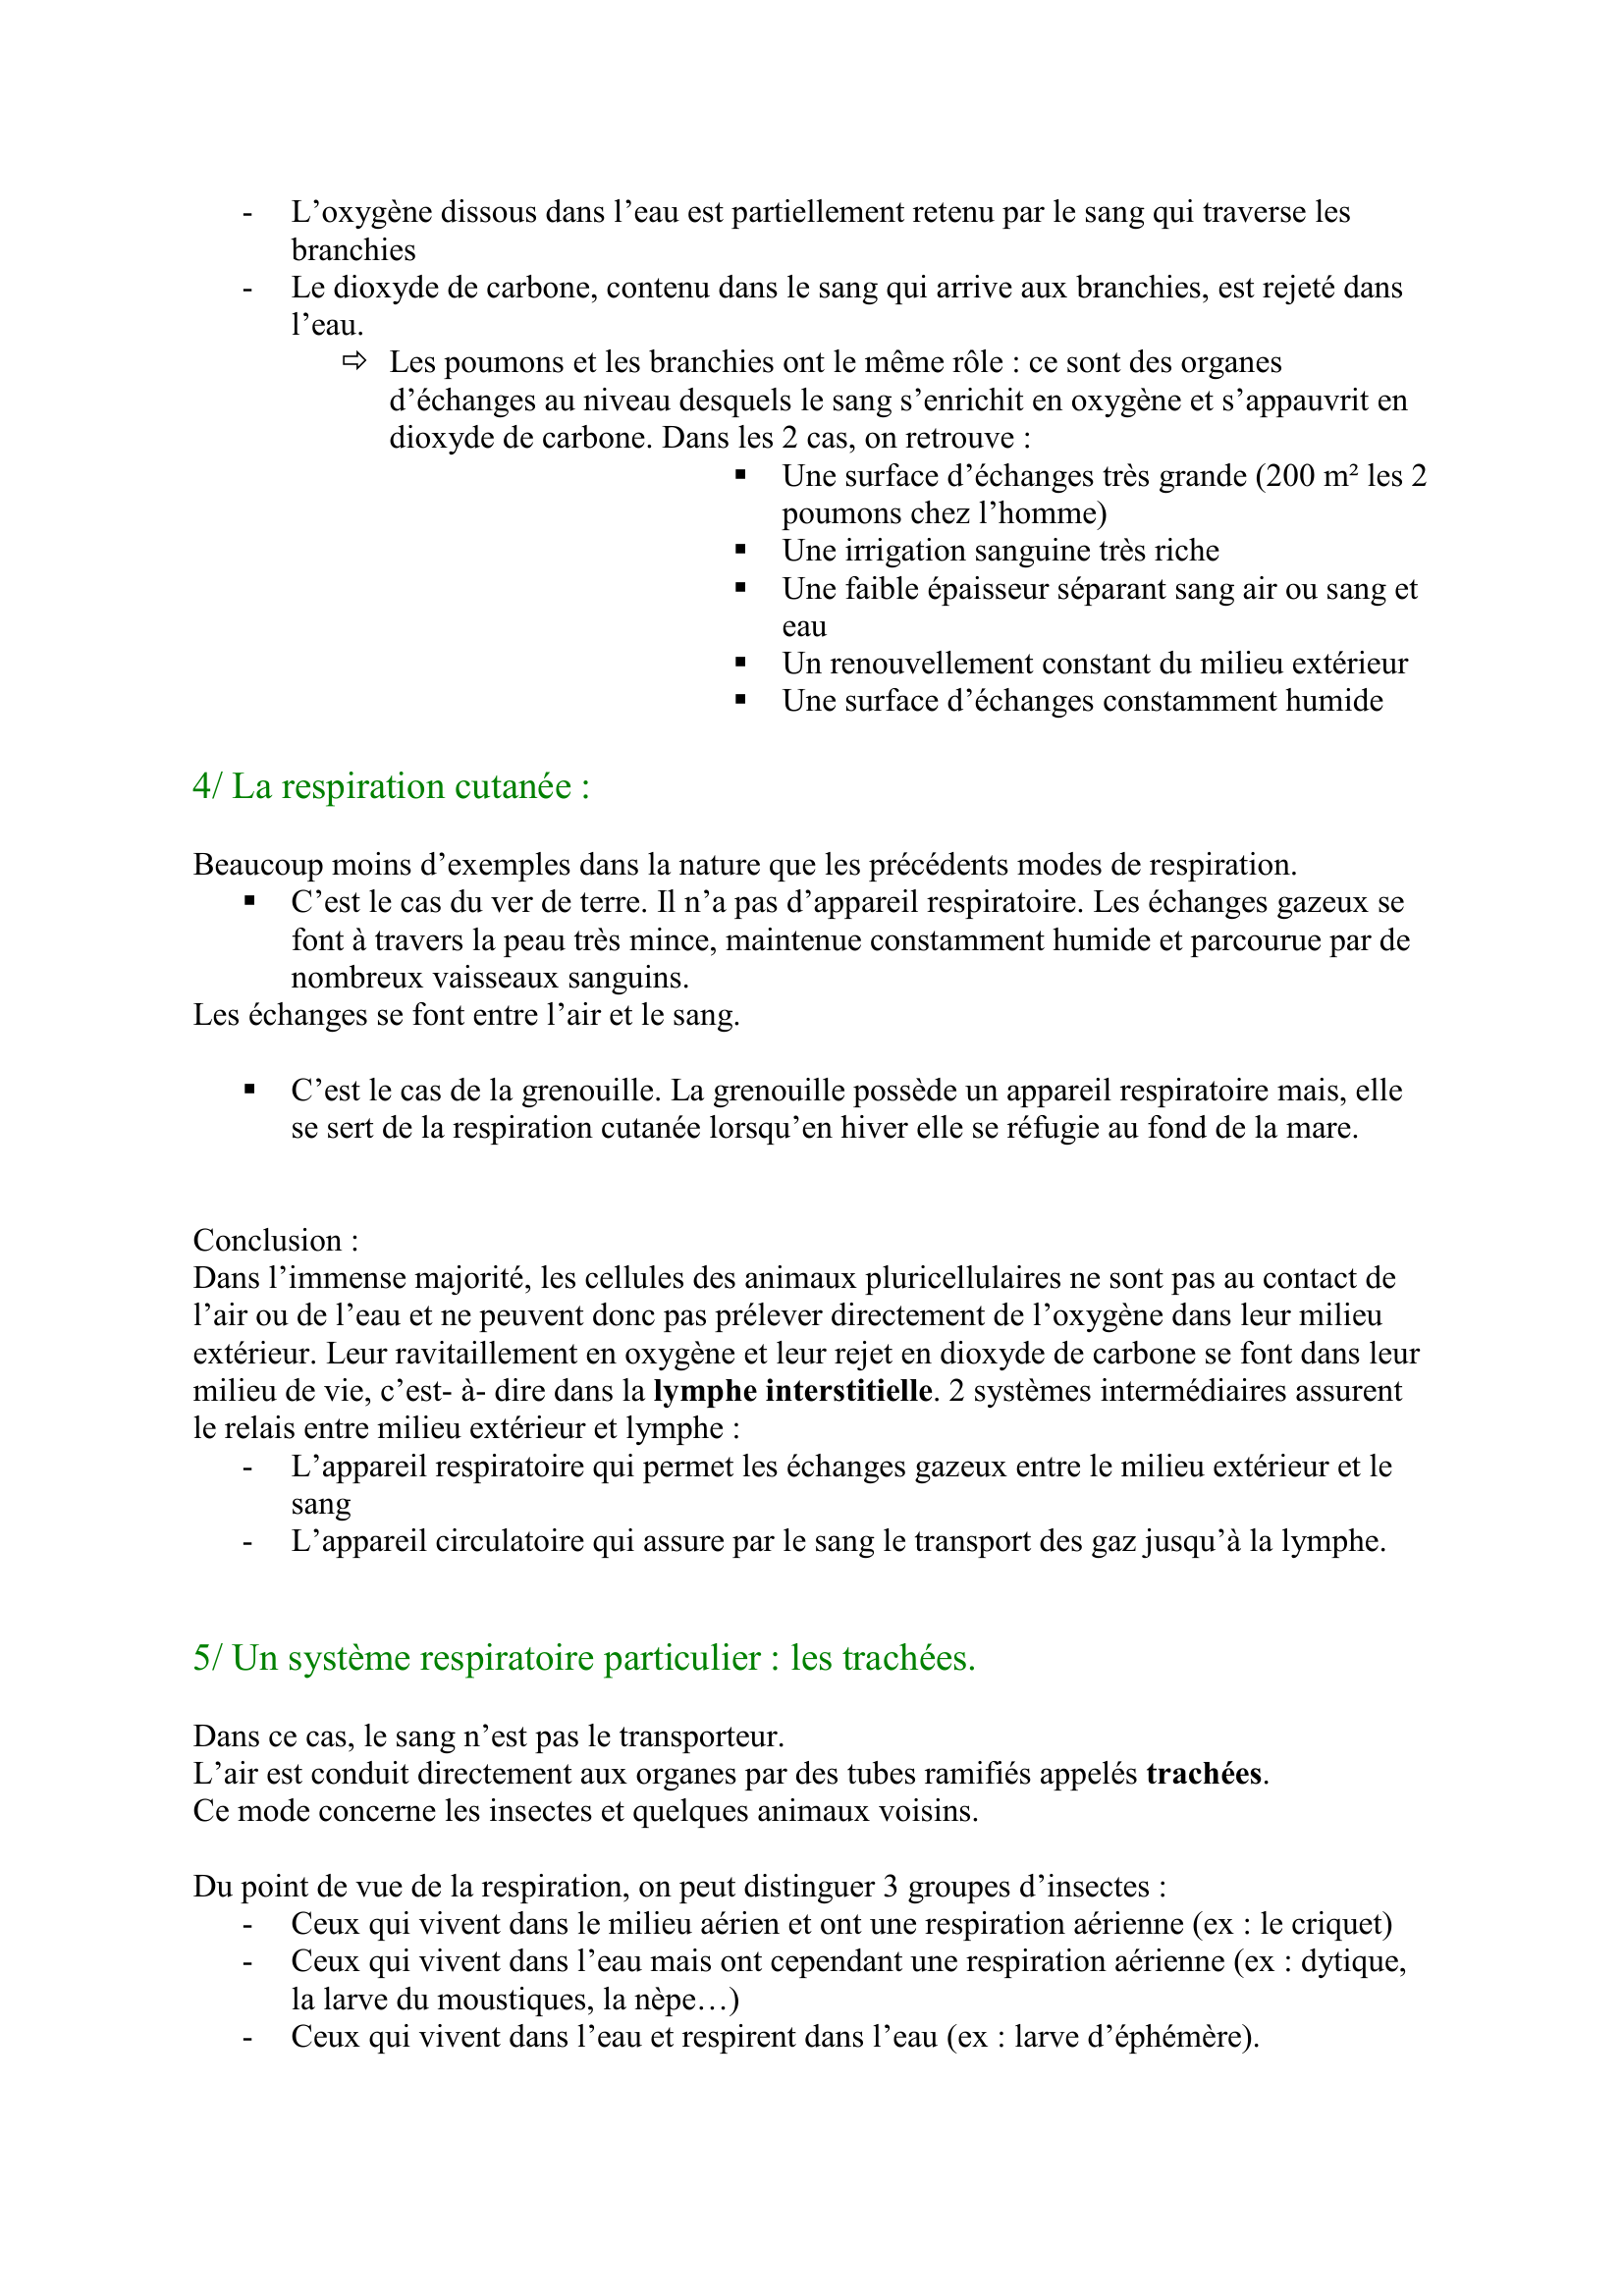 Prévisualisation du document Le vivant : Fonctions de nutrition :
La respiration
Synthèse construite par Sylvain
sylvain.
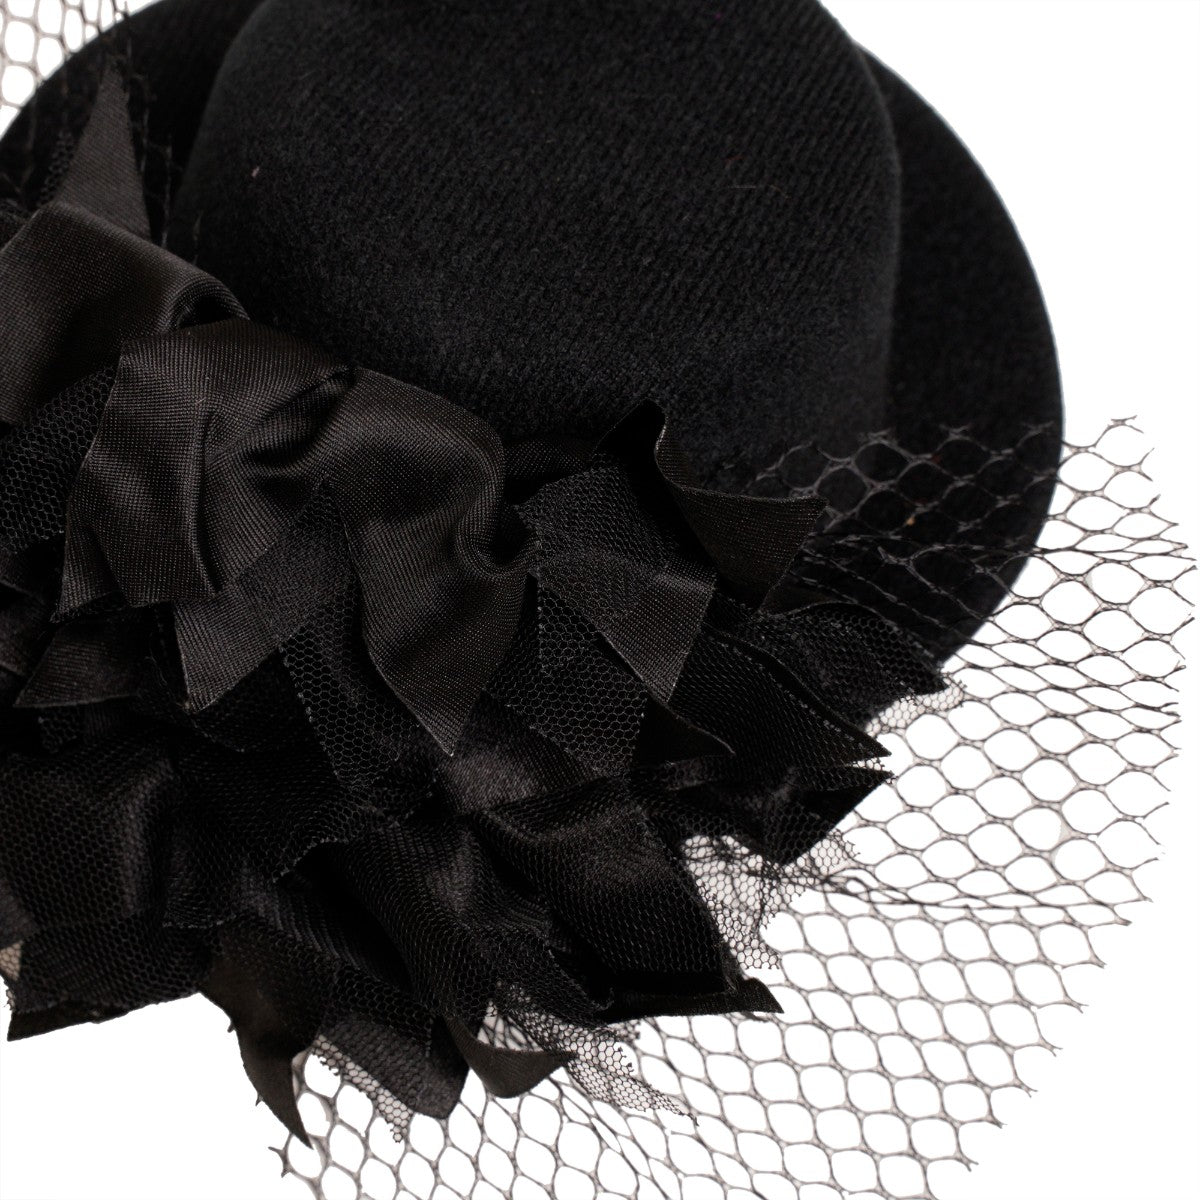 Ro Rox Retro 1940's 1950's Fascinator Net Ruffle Layer Hat

◆ Task
Omitting all pictures, give the preceding listing again exactly.

◆ Reply
 Prévisualisation du document Le vivant : Fonctions de nutrition :
La respiration
Synthèse construite par Sylvain
sylvain.
 Ro Rox Retro 1940's 1950's Fascinator Net Ruffle Layer Hat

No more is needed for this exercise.